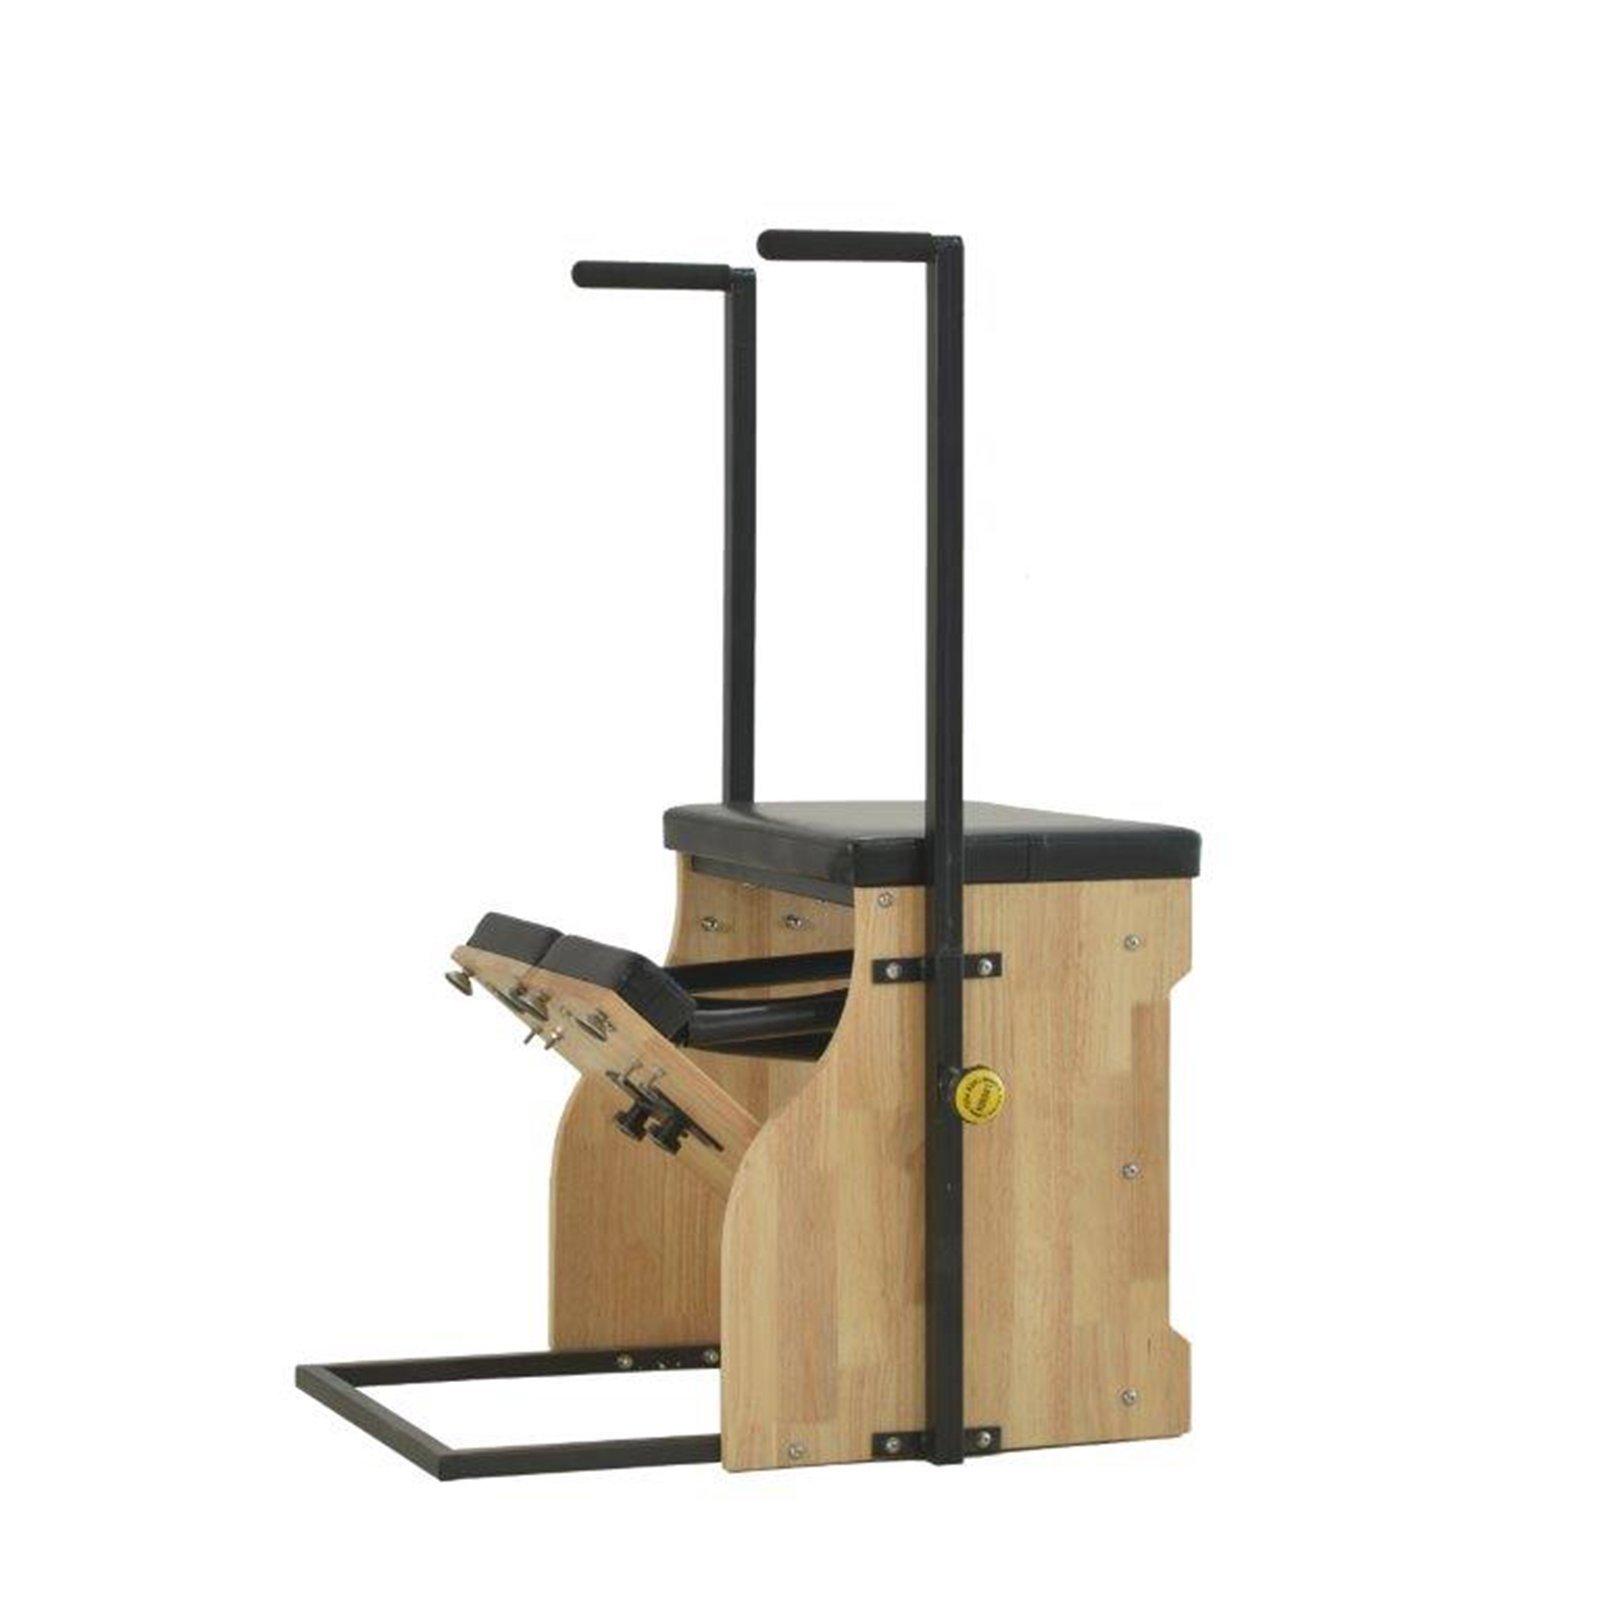 Pilates Wunda Chair with Handles
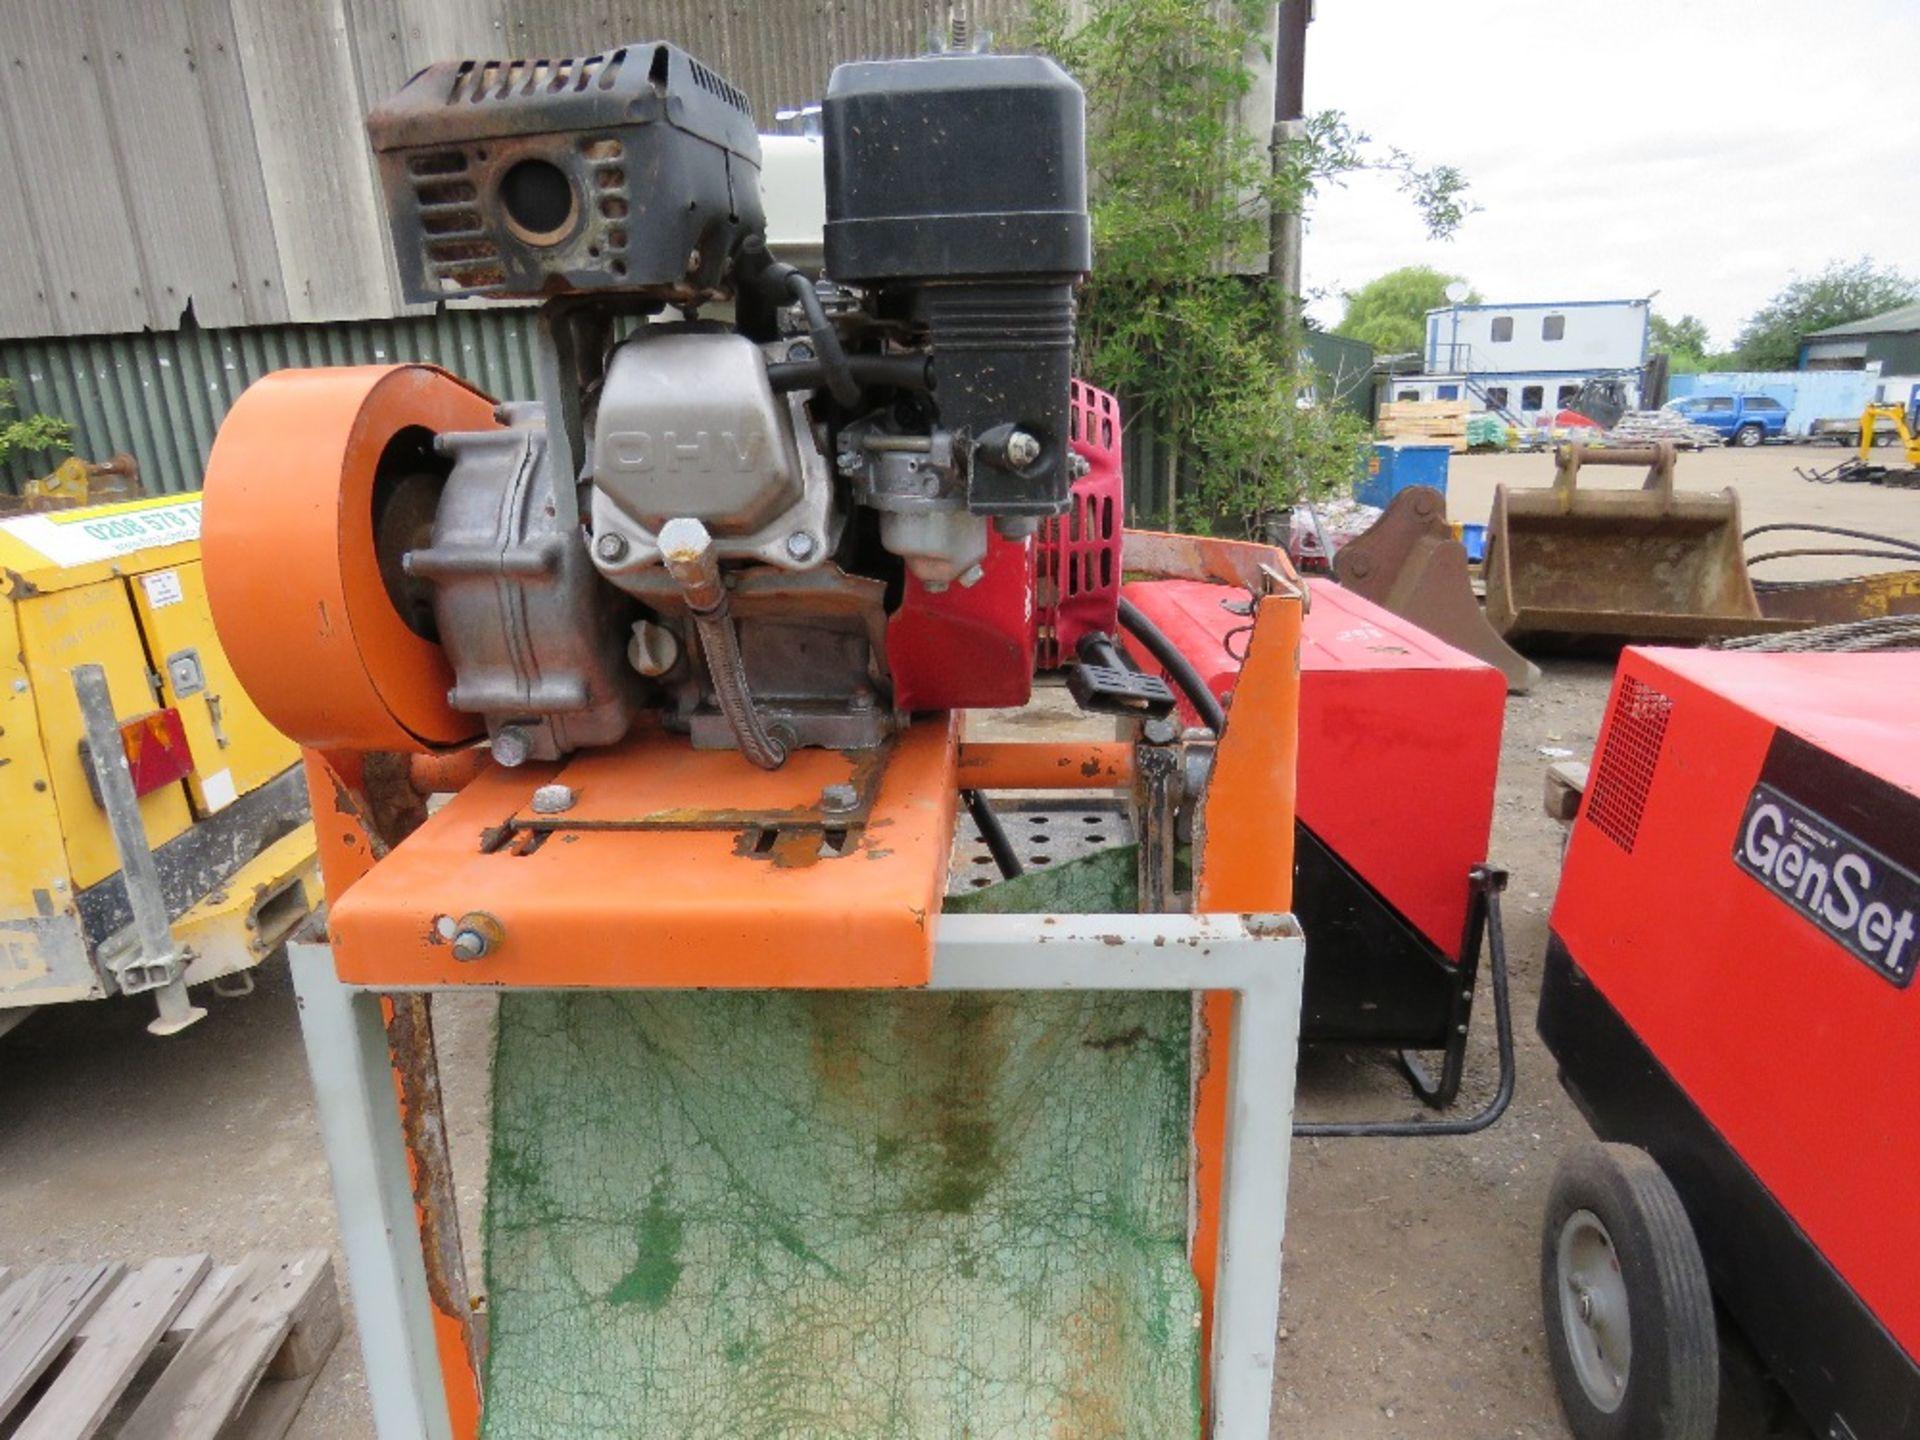 Lot 45 - PETROL ENGINED CLIPPER SAWBENCH
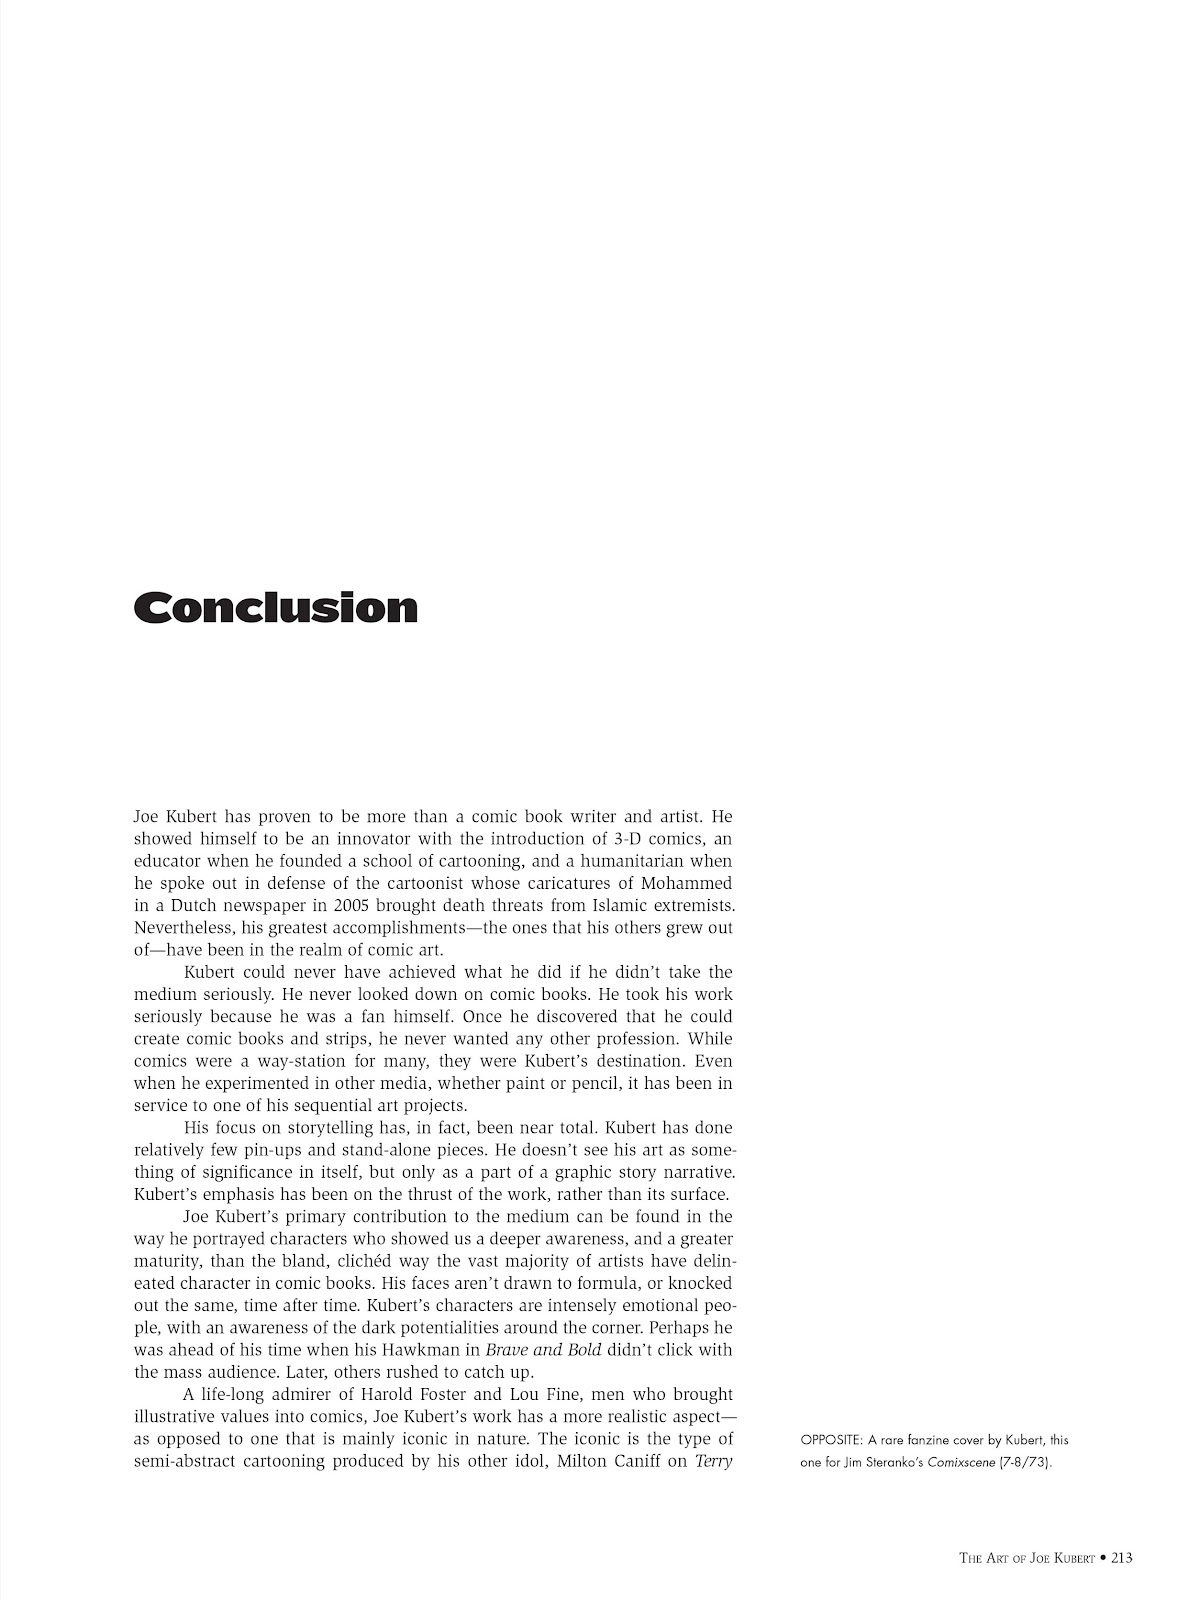 Read online The Art of Joe Kubert comic -  Issue # TPB (Part 3) - 13
════
● TASK STATEMENT: Produce a verbatim transcription of every line in the listing, images omitted.

● ANSWER TO THIS EXERCISE:
 Pilates Wunda Chair with Handles
 Lot 45 - PETROL ENGINED CLIPPER SAWBENCH
 Read online The Art of Joe Kubert comic -  Issue # TPB (Part 3) - 13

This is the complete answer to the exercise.